The tailor is one of the most honoured workmen, Khalifa, or Karigar being the usual titles by which he is addressed. There is especial disgrace in abusing a tailor, for Edris (Enoch), one of the first "payambars," or prophets, of Islam, was the father of such as ply the needle. Further, the Darzi, like the Rafugar, sits cross-legged, and was in consequence not expected to stand up even when a Nawab entered his workshop.

Almost every Muhammadan adult can sew, and whenever a poor man is in want of work be takes service as a tailor. There are, however, several sorts of tailors; for example, the Bazari Darzi, or hawker of ready made clothes, the Topi walah, or capmaker, and the common Darzi, or clothier. From four to eight anas is the average day's pay, but as a rule the workmen receive monthly wages, and often accept piecework to be done at home. Widows and poor women, again, earn a livelihood by sewing garments furnished by the master tailors.

A boy is taught to handle a needle in the following curious way: Two thin pieces of wood, or two stalks of grass, are given him, and with these he is made to go through all the actions of stitching, called "tankna." Having progressed thus far, a piece of cloth, or sampler, is put in his hands and he has to imitate the patterns traced on it, a task known as, "'alam-Khana." Until an exact copy is made he advances no further.

Although the Darzi is a slavish imitator, showing little originality, he is thoroughly acquainted with the different stitches used by the seamster and seamstress of Europe.
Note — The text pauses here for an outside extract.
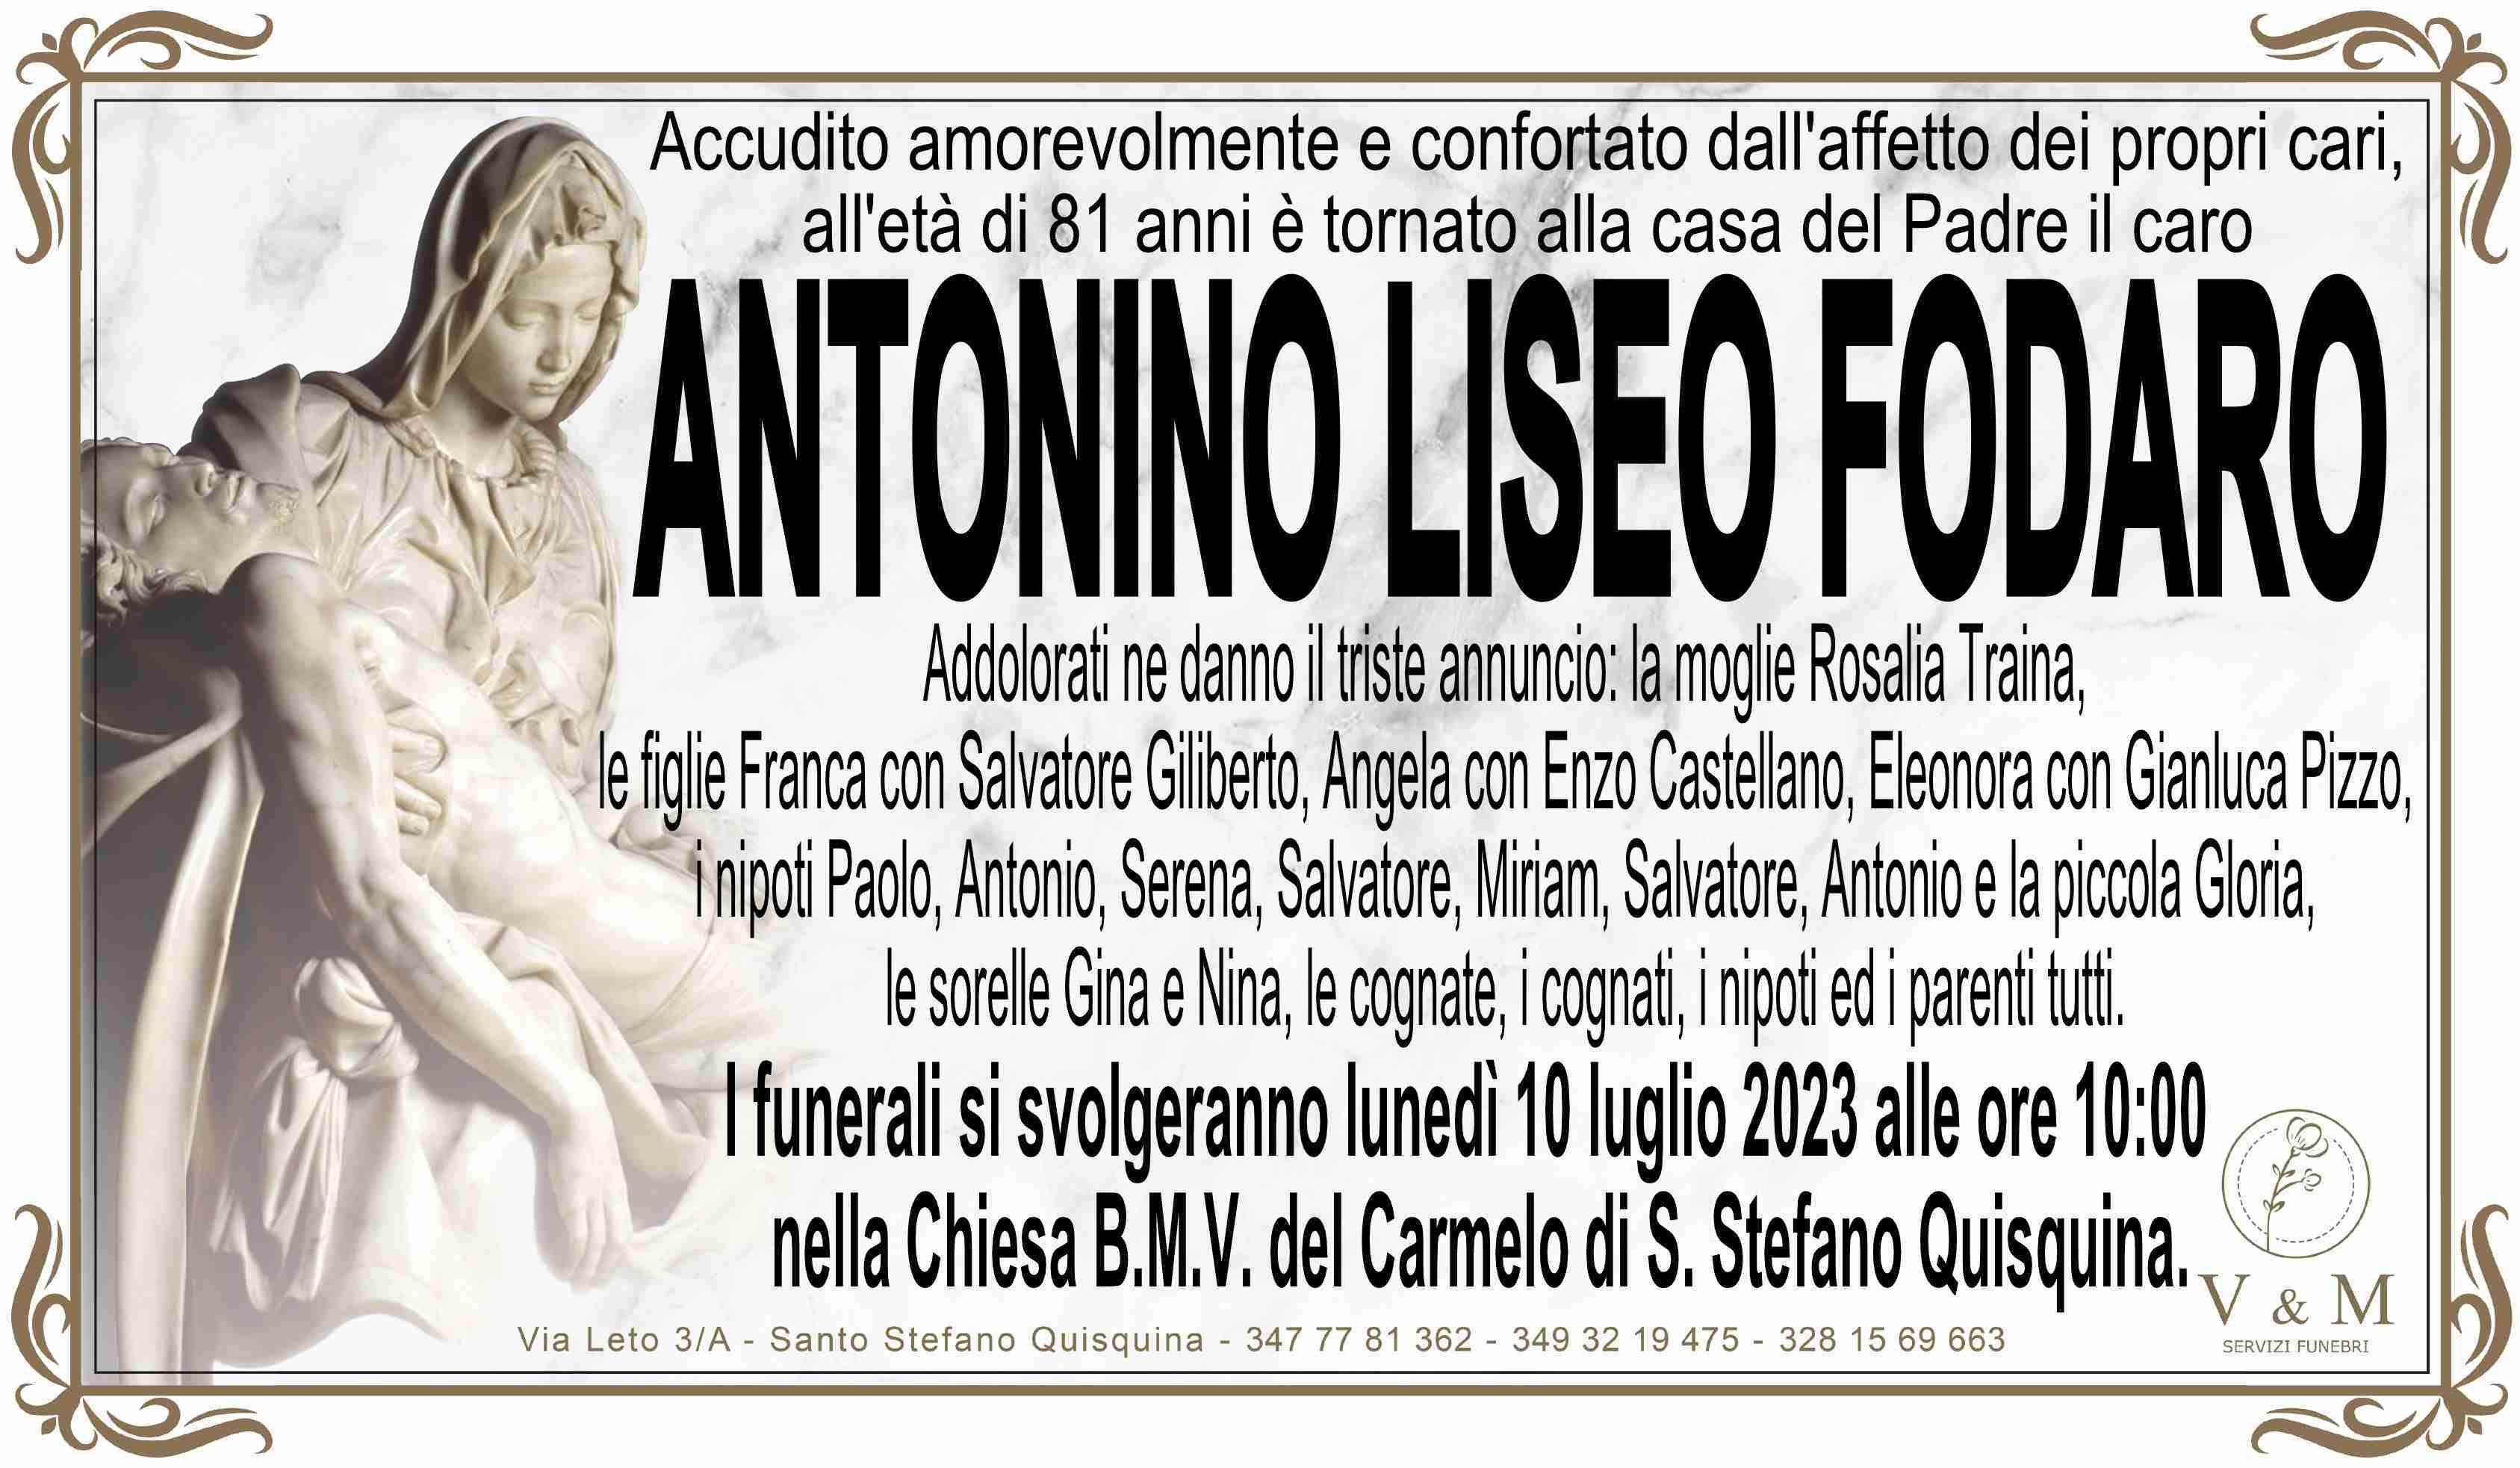 Antonino Liseo Fodaro

The hemming stitch he calls turpan; the net, jali; the herring-bone, zanjira-bandhi; the running, lapki or pasujna; the buttonhole, kaj; basting, kok-dena; and the ornamental stitch by which pieces of cloth are united, orma, or sultani.

The needle is said to have been unknown to the ancient Hindus, but now-a-days Hindu tailors, generally Ghulam Kayasths, are to be met with sewing in the shops of cloth-merchants and making bedding, quilts, and mosquito-curtains, but declining to make body clothes, although they are low Sudras, and natives of Silhet, where caste is of little account.